- **What this task involves**: Transcribe the listing exactly, skipping every picture.

- **Source material**:
"""
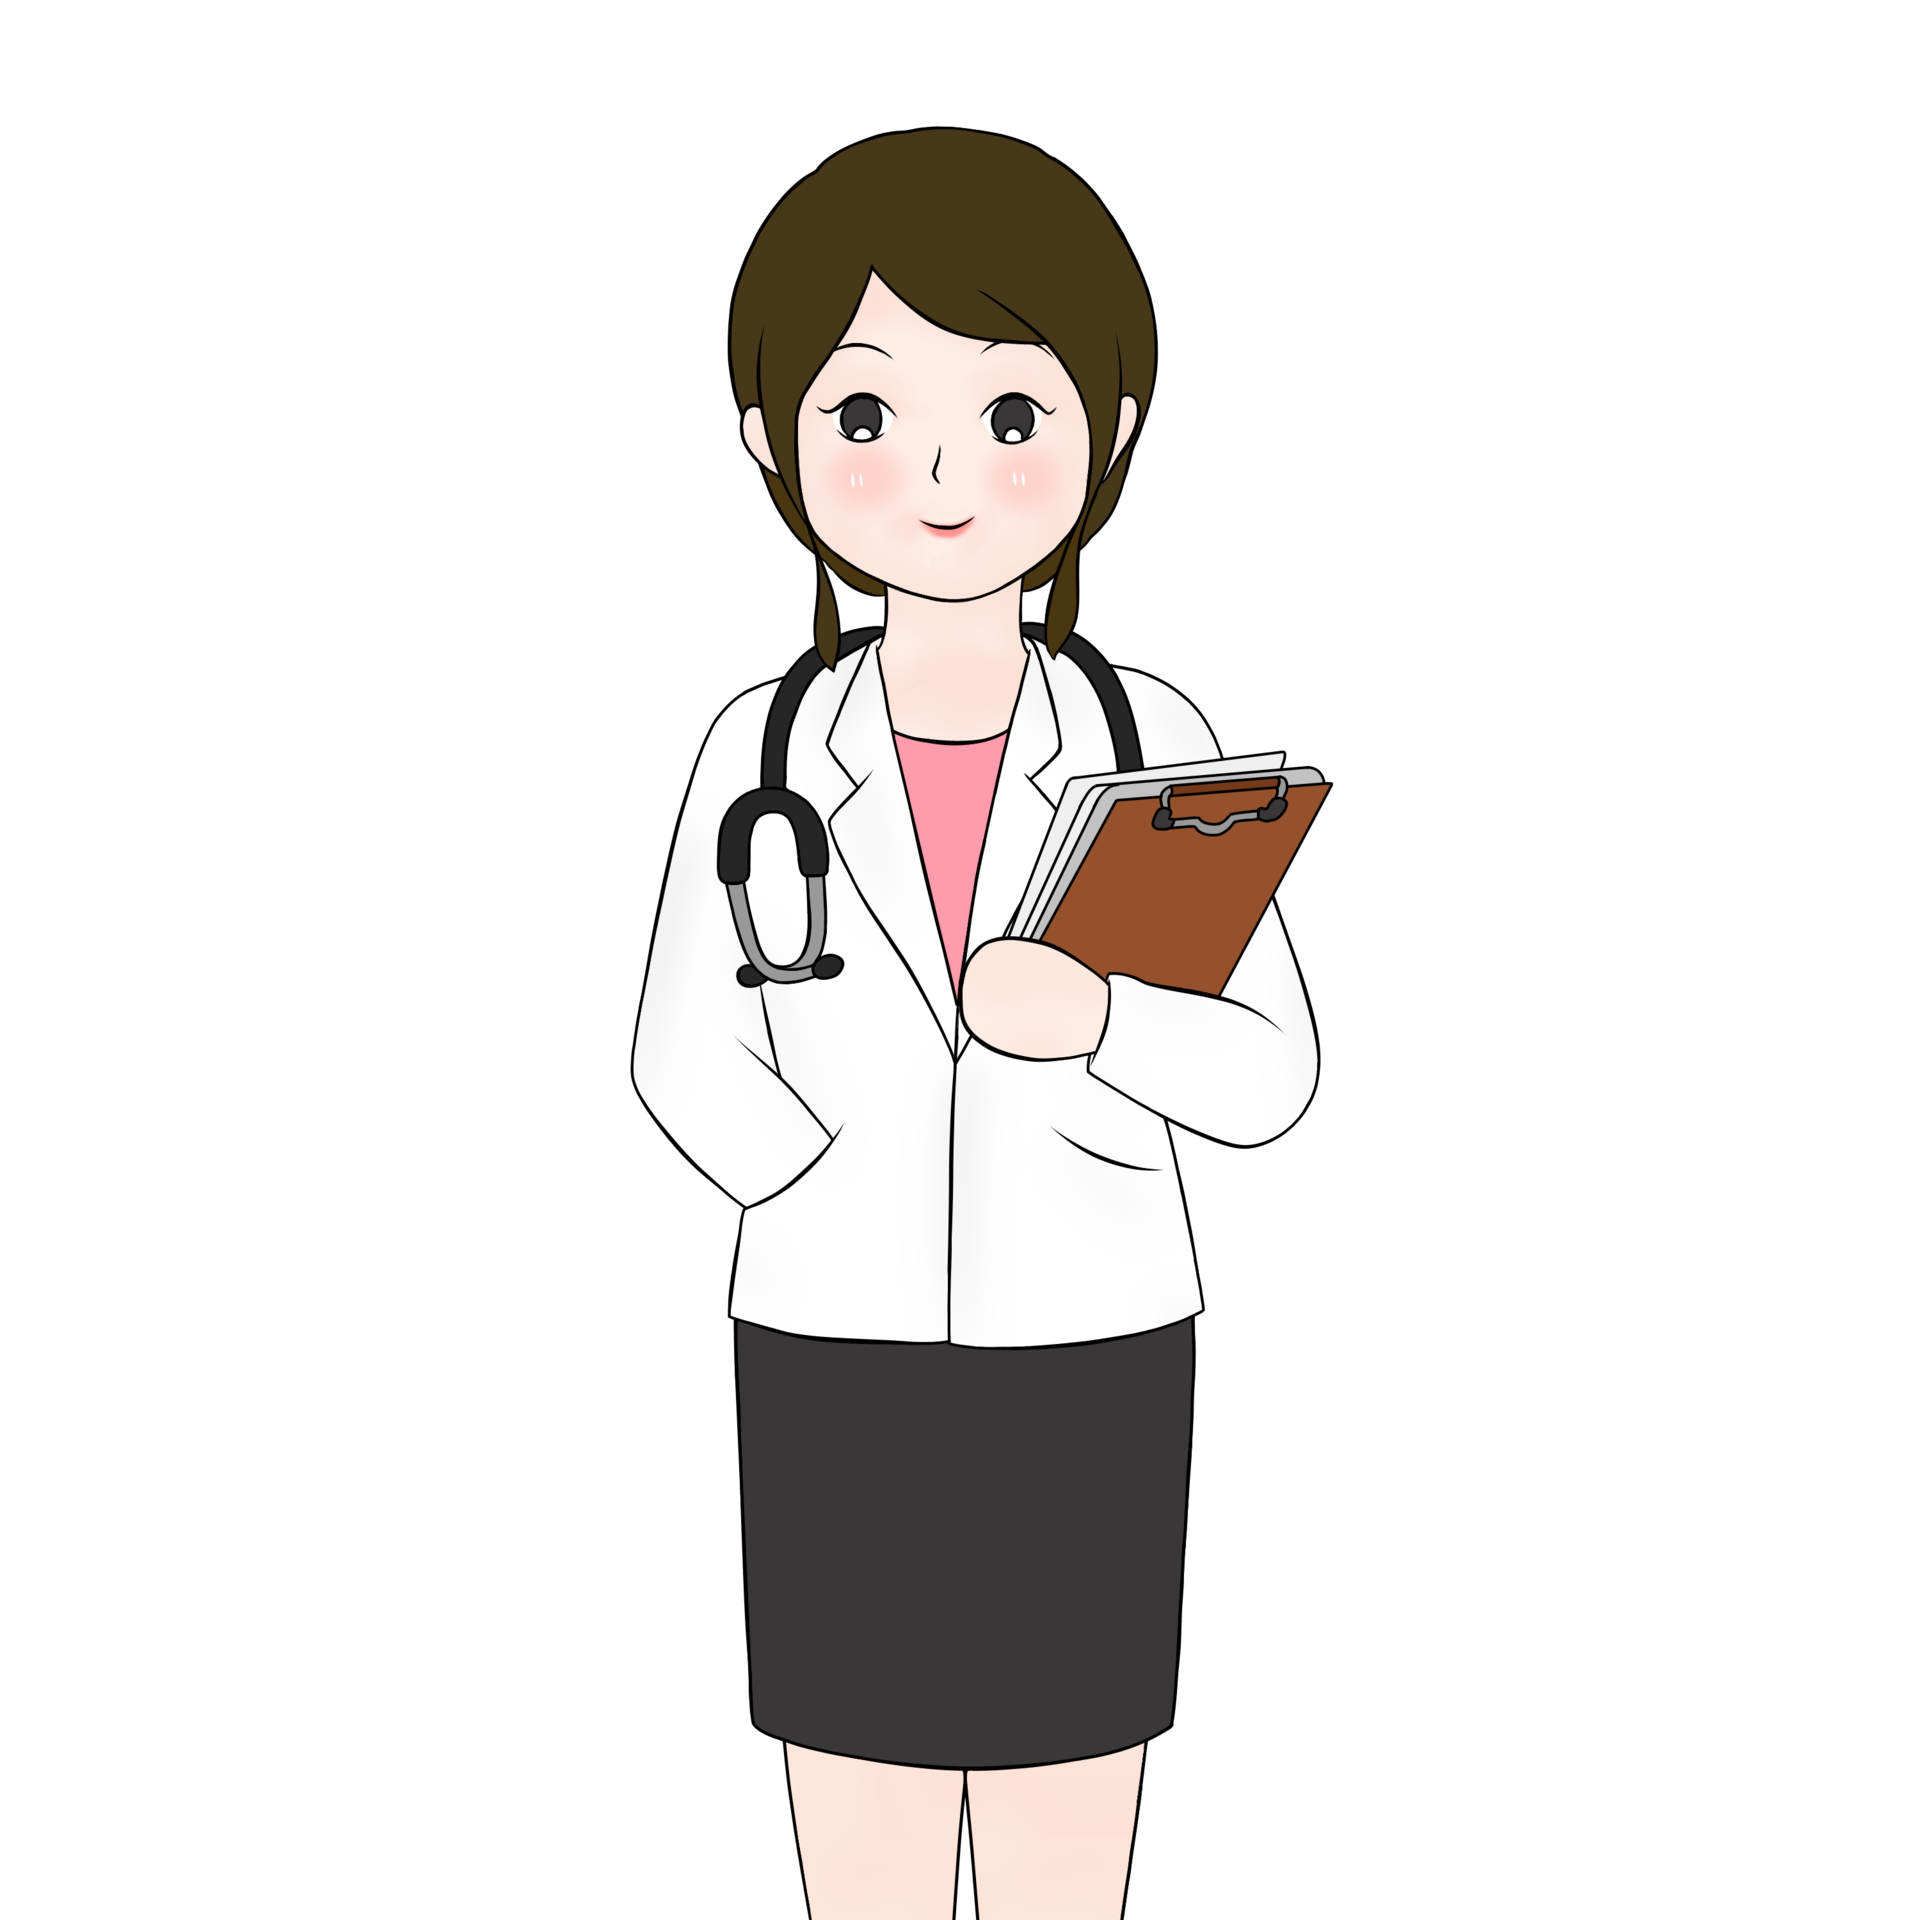 cartoon woman doctor
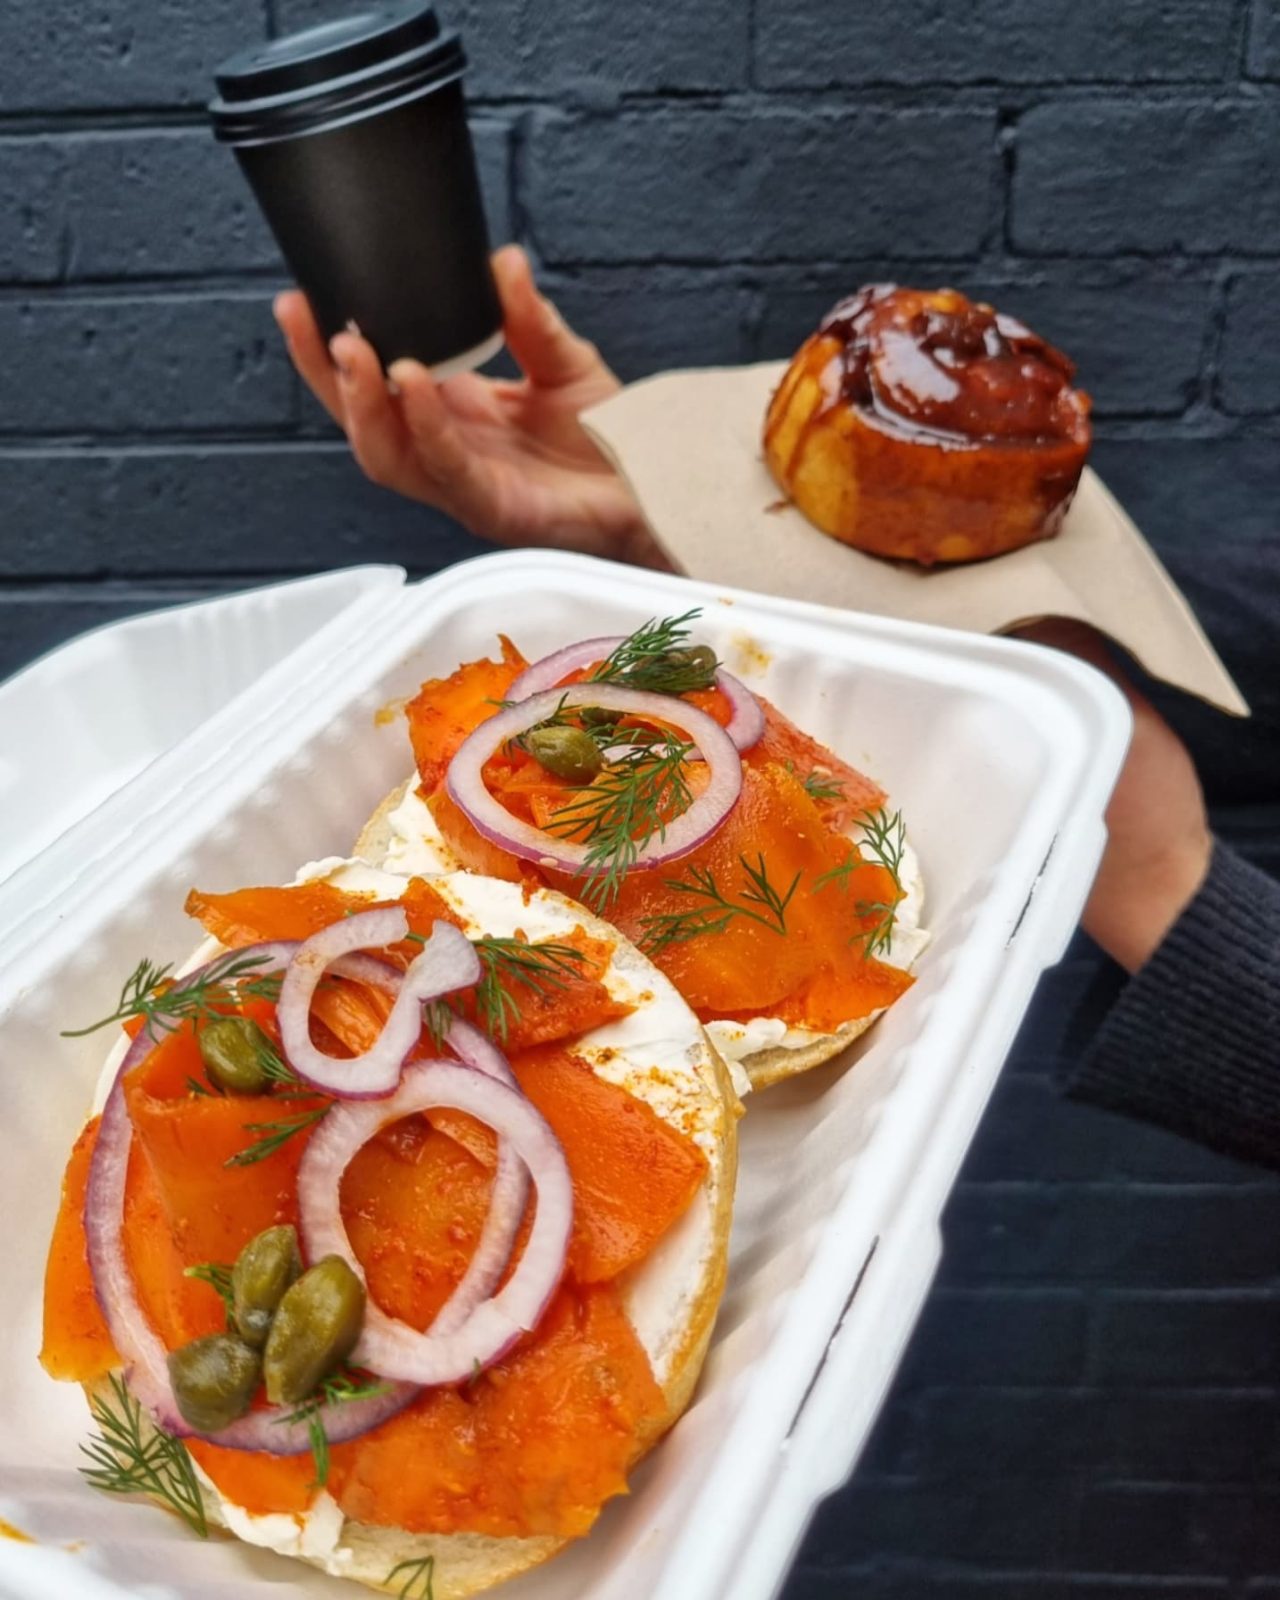 Bread Flower opens new bagel shop inside Ducie Street Warehouse, The Manc
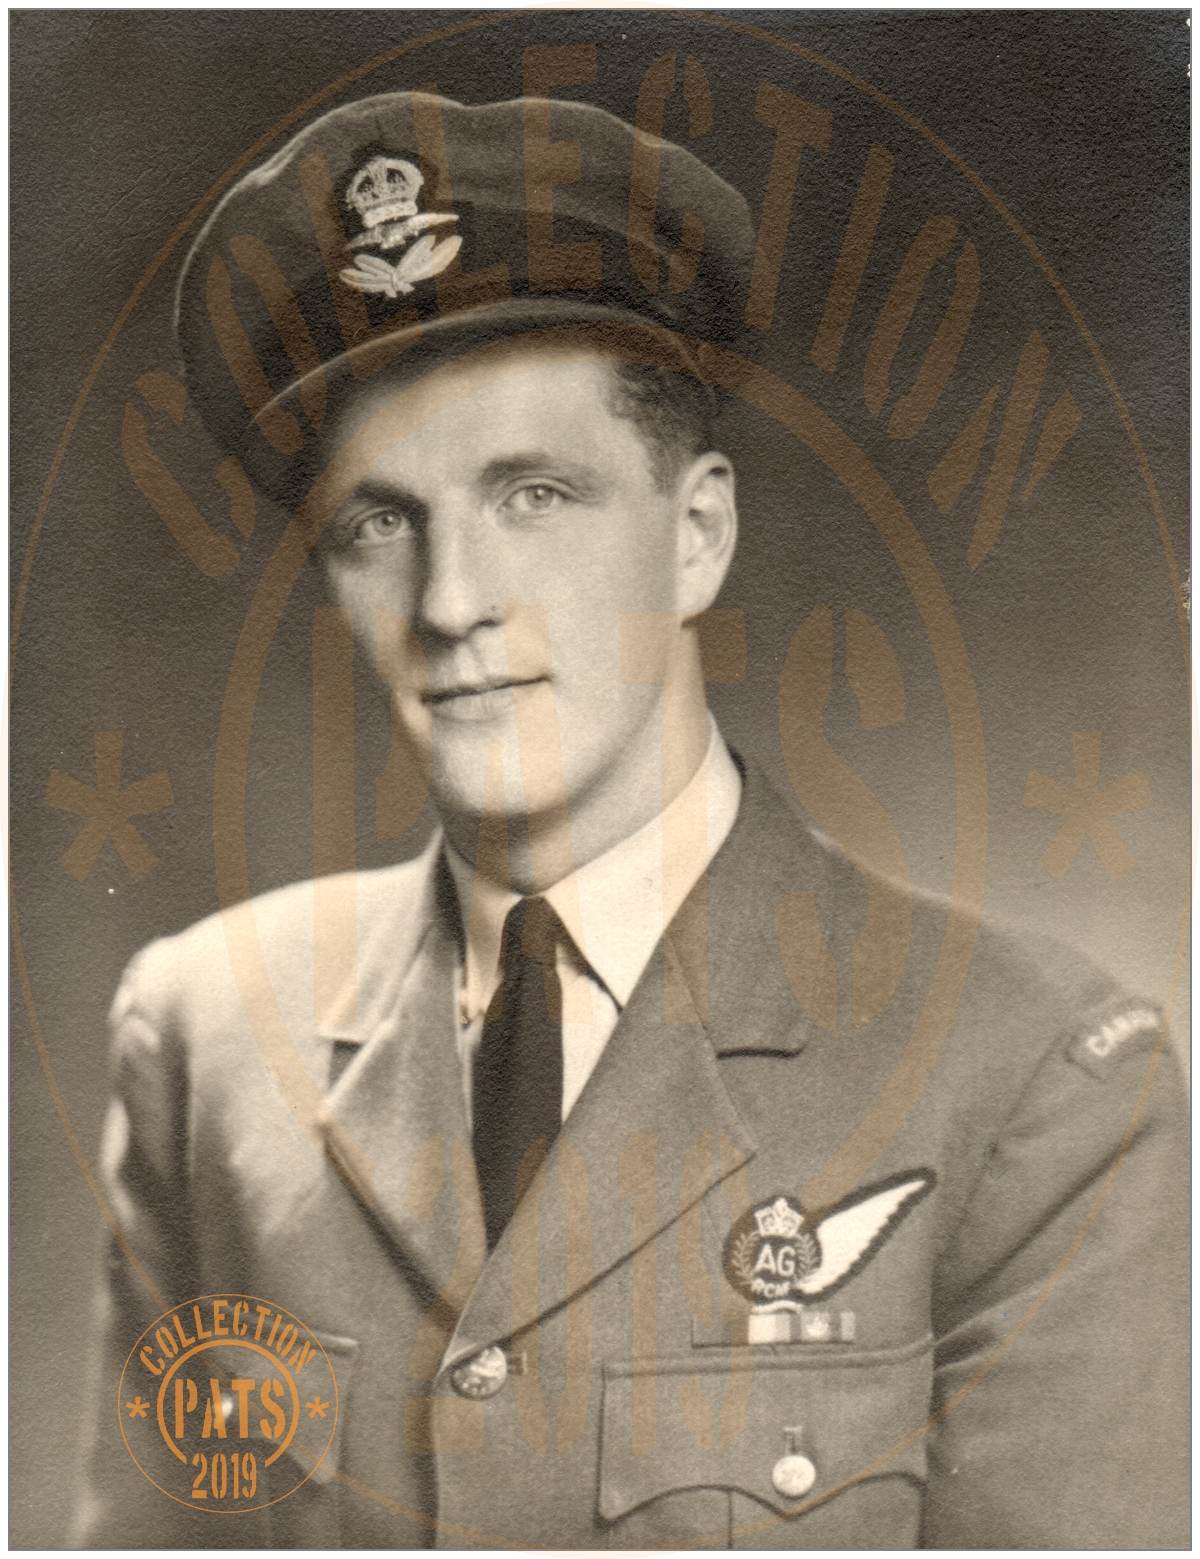 R/156778 - J/96144 - Sgt. - Air Gunner - John Carlyle 'Jake' Cornish - RCAF
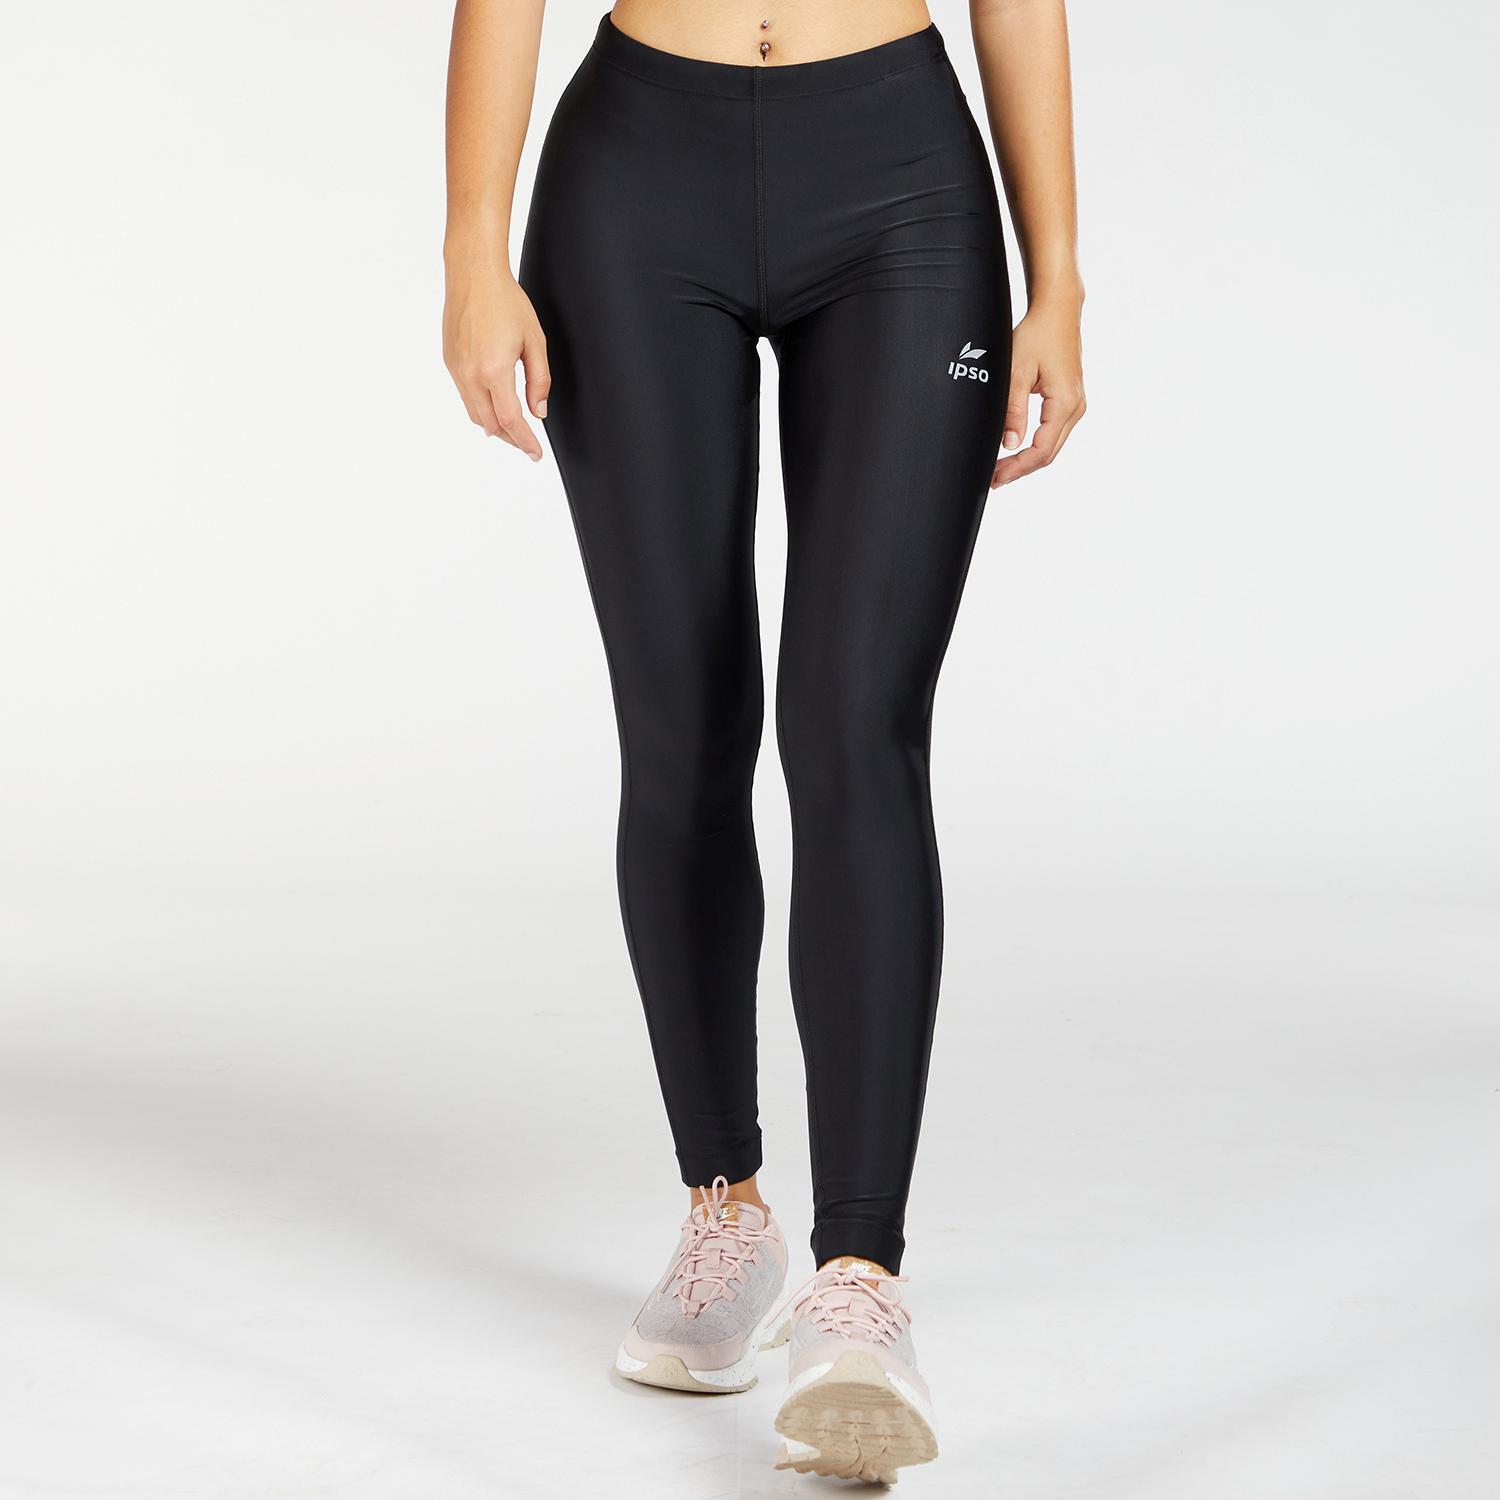 Collants Long Running Ipso Basic - Noir - Collants Femme sports taille M
"""
- **Result for this task**:
 cartoon woman doctor
 Bread Flower opens new bagel shop inside Ducie Street Warehouse, The Manc
 R/156778 - J/96144 - Sgt. - Air Gunner - John Carlyle 'Jake' Cornish - RCAF
 Collants Long Running Ipso Basic - Noir - Collants Femme sports taille M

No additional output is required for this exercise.